1. The sugar-phosphate backbones are on the outside of the helix, as the hydrogen-donating phosphates give the molecule its acid character.
2. Each step of the helix is a pair of bases, always A bonded to its complement T, or C bonded to its complement G, with each pair held together by a hydrogen bond.
3. One strand of DNA is thus complementary to another strand with opposite polarity.
h. Sidebar 12.1 addresses the question of whether nucleic acids replicate themselves, and points out that the molecule itself cannot replicate without the help of an enzymatic apparatus.
12.9 DNA can replicate through specific base-pairing.
a. As Watson and Crick suggested, the double-helix structure of DNA's complementary nucleotide strands suggests a replication process (Figure 12.17):
1. The helix can be easily "un-zipped" at the weak hydrogen bonds.
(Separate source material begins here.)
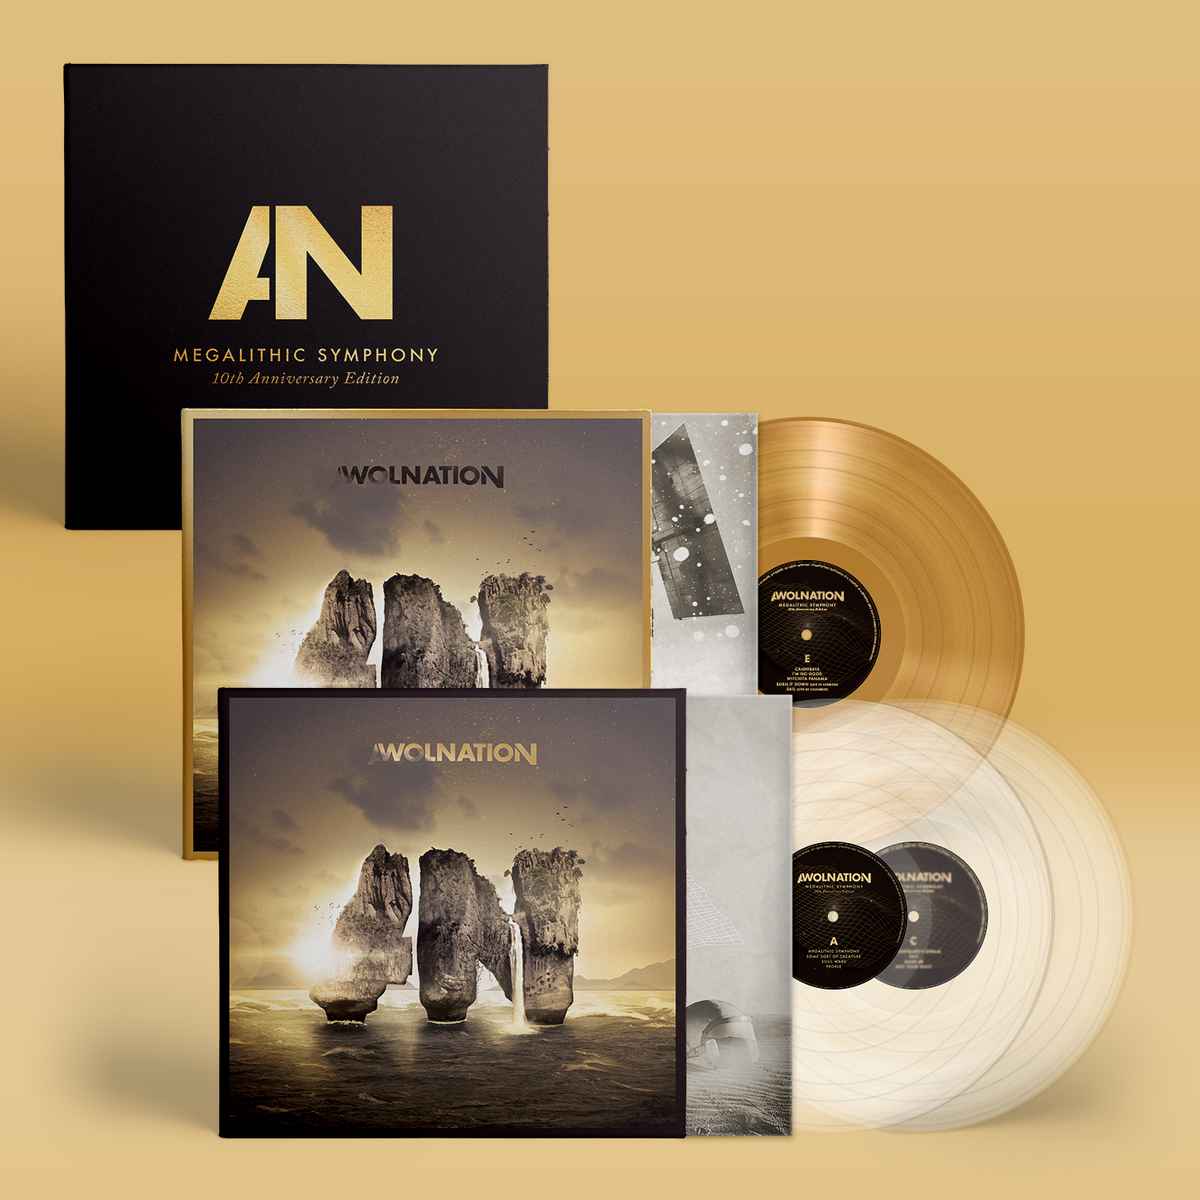 AWOLNATION Megalithic Symphony Deluxe Edition 2CD 2013MTD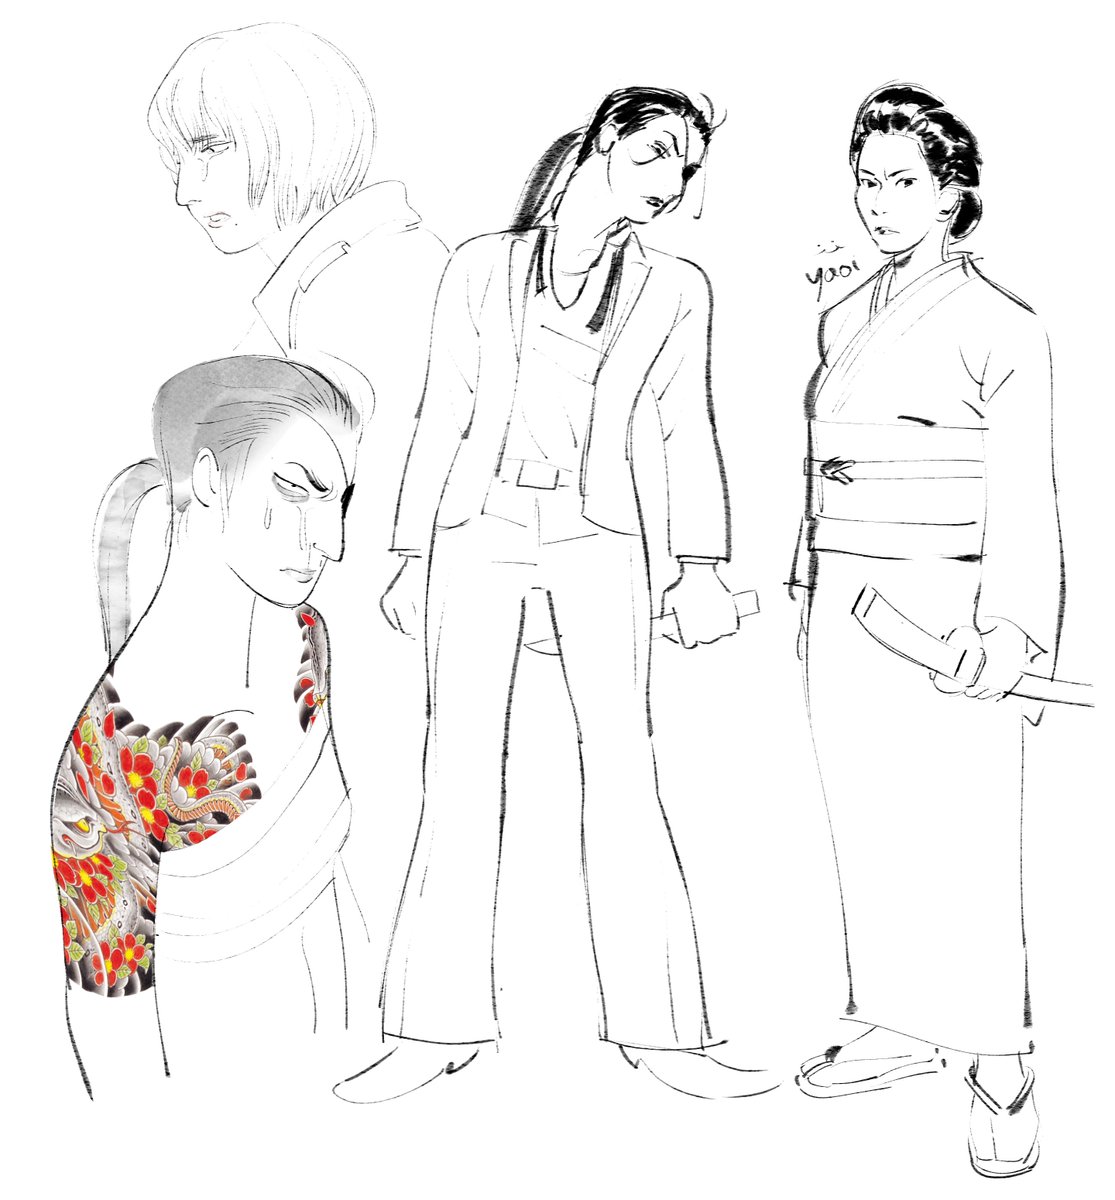 i did finish yakuza 4 but sadly I didn't draw as much during it because I am artblocked atm 💔 anyway I love hana

2. Complementary nucleotides from a cell's cytoplasm can hydrogen-bond to the free nucleotides available on either "old" strand of the helix.
3. Two new complementary strands are formed as new nucleotides hydrogen-bond to the old strands, and covalently bond to themselves.
b. The DNA replication process is a polymerization that is catalyzed by a DNA polymerase.
c. Section 13.4 addresses the mechanism of DNA replication.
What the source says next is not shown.